Il provvedimento era stato ampiamente commentato nel mondo anglosassone, ed aveva suscitato critiche anche in ambienti della sinistra libertaria. In Italia, oltre a noi dell’Occidentale, se ne erano occupate varie testate; e su Vita e Pensiero era apparso un intervento di Sergio Belardinelli.

Che è successo nel frattempo? Un’analisi accurata fatta anche con la trascrizione integrale ha dimostrato in modo incontrovertibile che George Eaton, del New Statesman, acerrimo nemico di Scruton, aveva forzato il testo e il contesto dell’intervista, tagliando le dichiarazioni in modo capzioso. E il giornale ha dovuto fare marcia indietro, pubblicare il testo vero e scusarsi.

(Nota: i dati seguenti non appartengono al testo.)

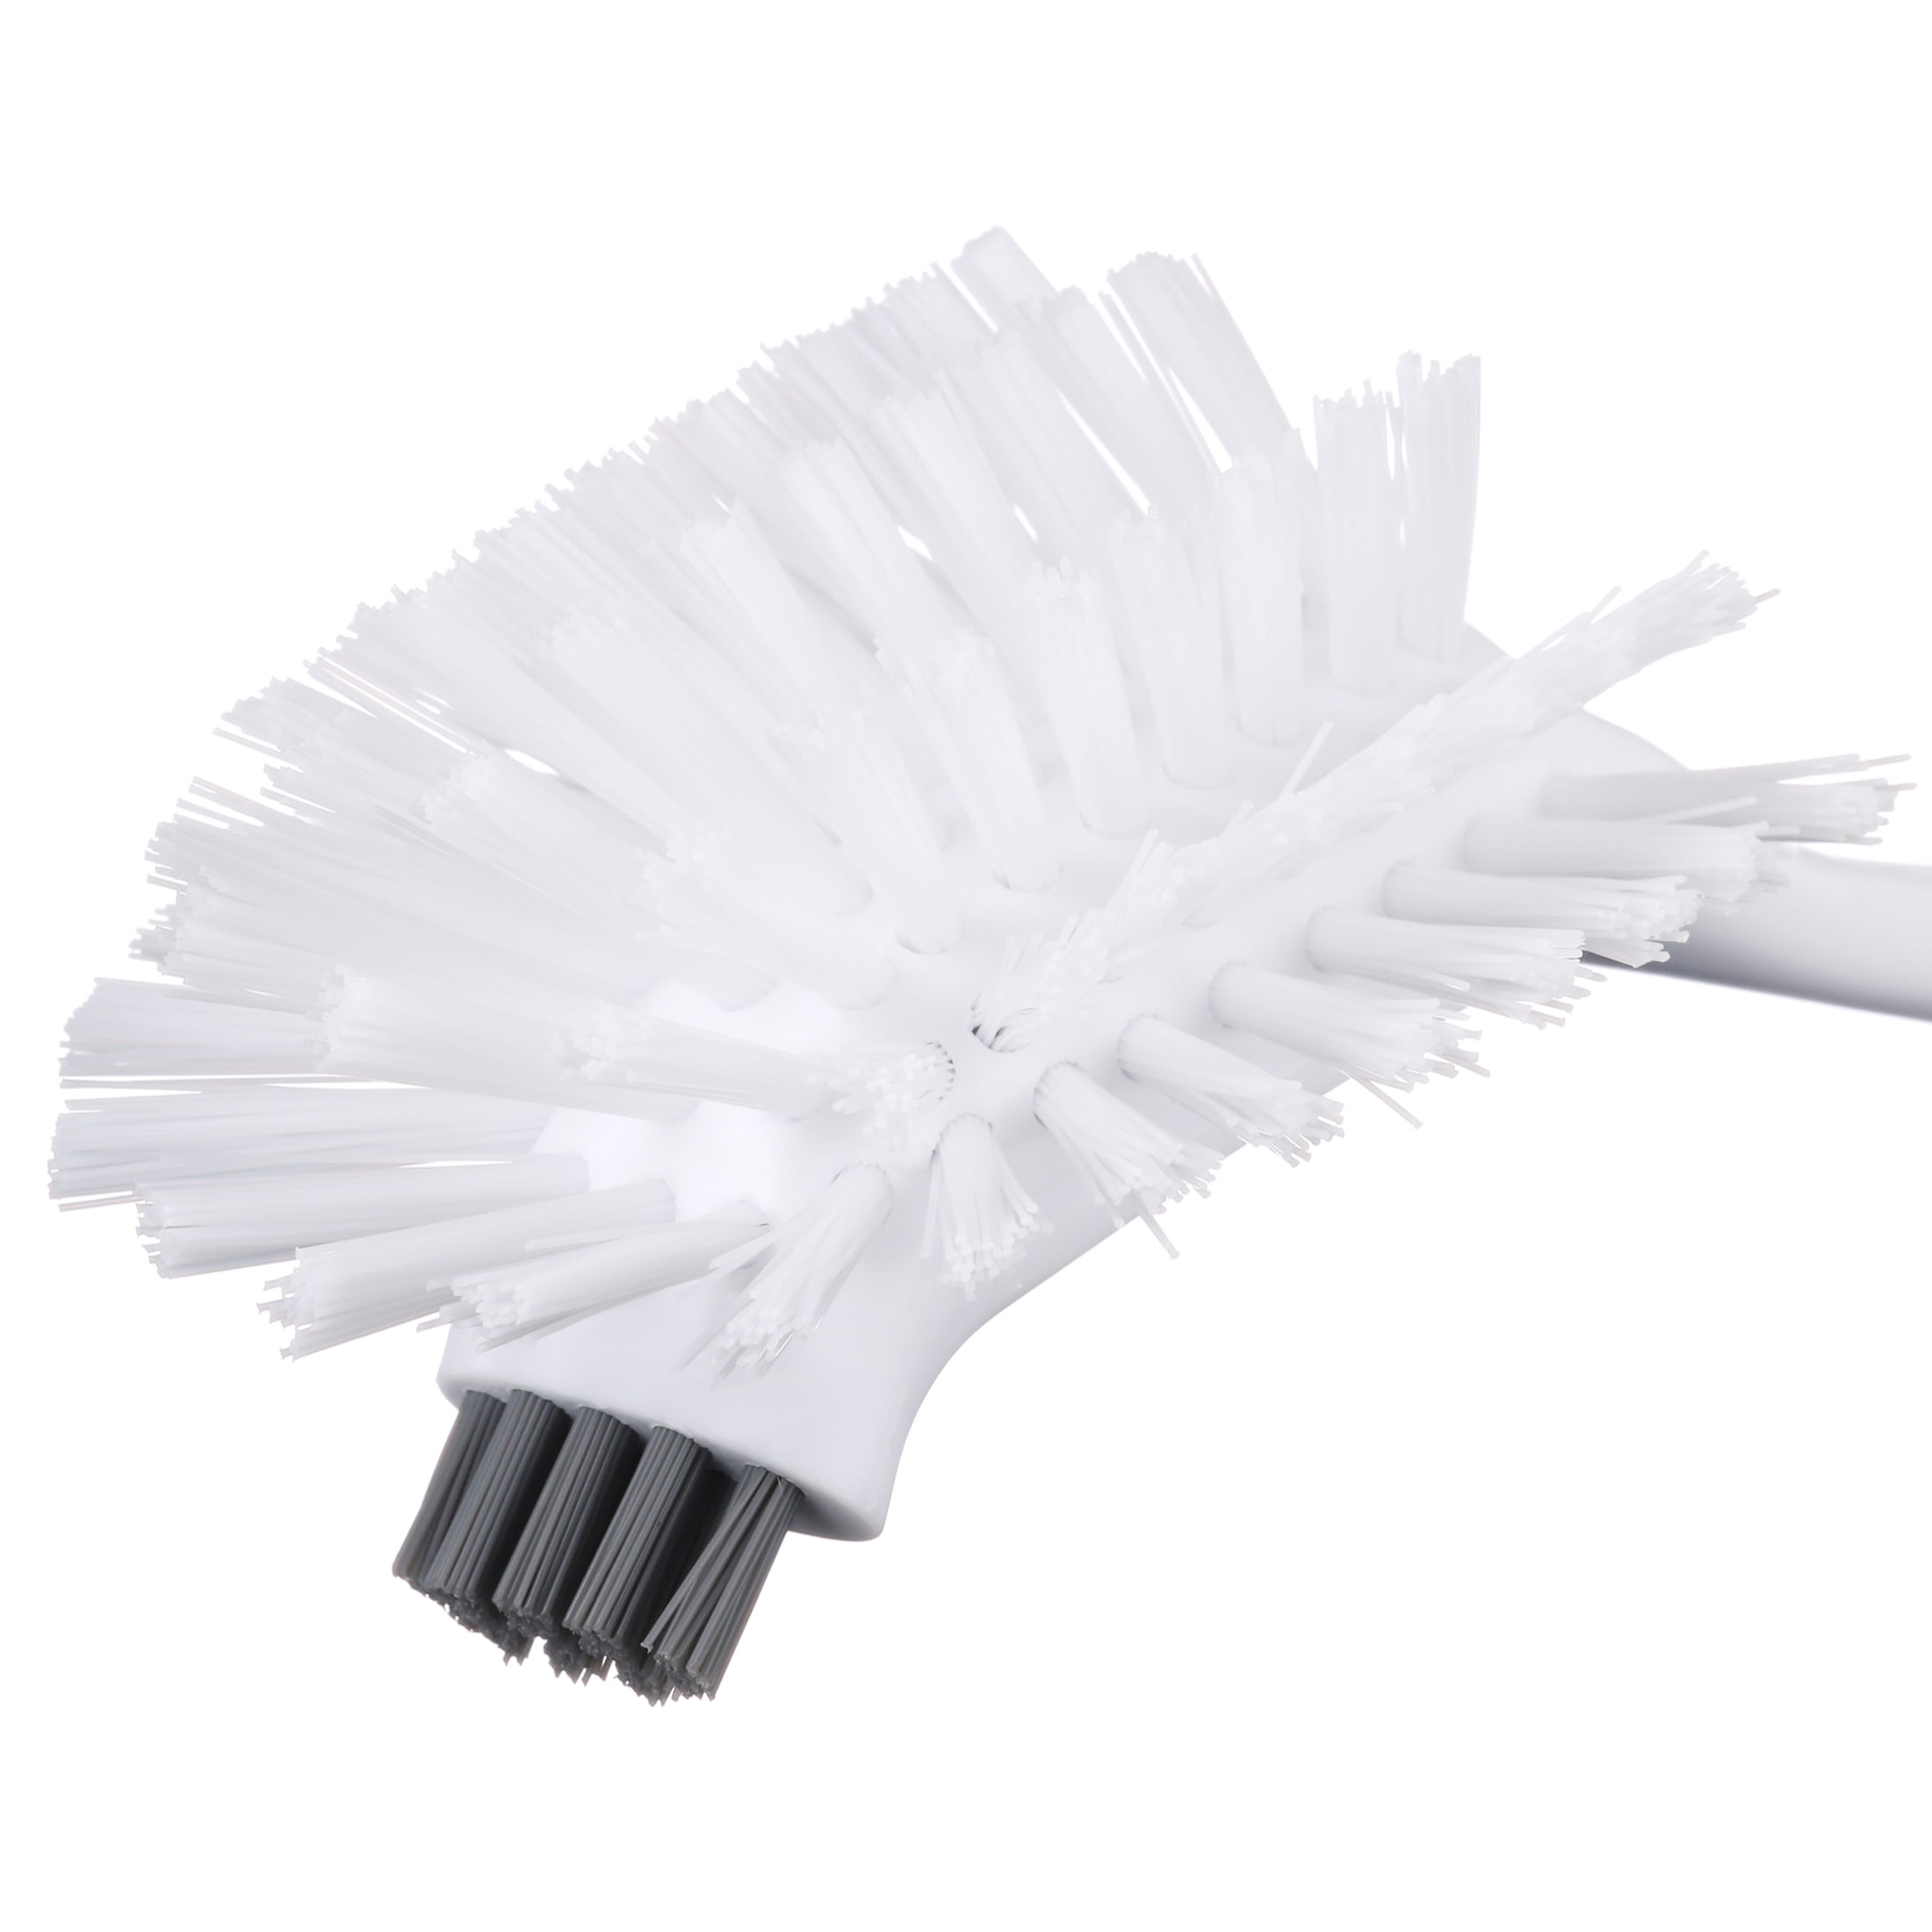 KITCHEN WASTE FOOD DISPOSAL BRUSH, Brushtech Brushes Inc. - America's #1  Source for all Specialty and Hard-To-Find Brushes - Buy Direct and Save!

A ruota il ministro Brokenshire, con una lettera allo Spectator, il settimanale che si era mobilitato in difesa di Scruton, lo ha invitato a dare di nuovo il suo importante contributo ai lavori della commissione:

“Sono lieto anche che il New Statesman abbia pubblicato una rettifica all’intervista originale, che non rappresentava correttamente e interamente le sue idee come avrebbe dovuto. Come sa, mi rincresce che la decisione di rimuoverla dalla presidenza della Commissione sia stata presa nel modo in cui è stata presa. Mi dispiace: soprattutto perché è avvenuta sulla base di un resoconto chiaramente parziale del suo pensiero. Sto ora valutando la prossima fase del lavoro della Commissione. Se lo desidera, vorrei invitarla a un incontro per discutere di tale lavoro e di quale ruolo lei sarebbe disposto a svolgere nel portare avanti l’importante agenda che interessa tanto a entrambi”.

Pare che anche Teresa May, dalla zona Cesarini del suo mandato come premier, gli abbia rivolto un invito analogo.

I media inglesi- dalla BBC all’Independent fino al progressista Guardian- hanno dato conto del provvisorio finale. In Italia che io sappia finora se ne è (come al solito meritevolmente) occupato Tempi.

Dunque tutto il caso è rientrato e sotto controllo?

Di sicuro, stando a quanto dichiarato da un portavoce del ministro, pare che il filosofo incontrerà presto il ministro Brokenshire.

Resta il fatto che la ferita è stata profonda e ne rimangono tracce vistose, come testimonia il commento di Scruton:

“Questa esperienza è stata molto spiacevole, non da ultimo per i giudizi affrettati di media e politici. Mi ha particolarmente umiliato il comportamento del ministro, che mi ha licenziato in forza dell’articolo del New Statesman senza nemmeno chiedermi se riportasse correttamente quel che avevo detto. Mi hanno stupito anche i commenti di Downing Street e il fatto che il Partito conservatore non abbia fatto alcuno sforzo nel suo insieme per difendermi. Sono grato al New Statesman quanto meno per questo: questi fatti umilianti mi hanno fatto rendere conto della autentica crisi morale del Partito a cui, nonostante tutto, ancora appartengo”.

Un giudizio severo, frutto di una constatazione che onestamente non possiamo che condividere.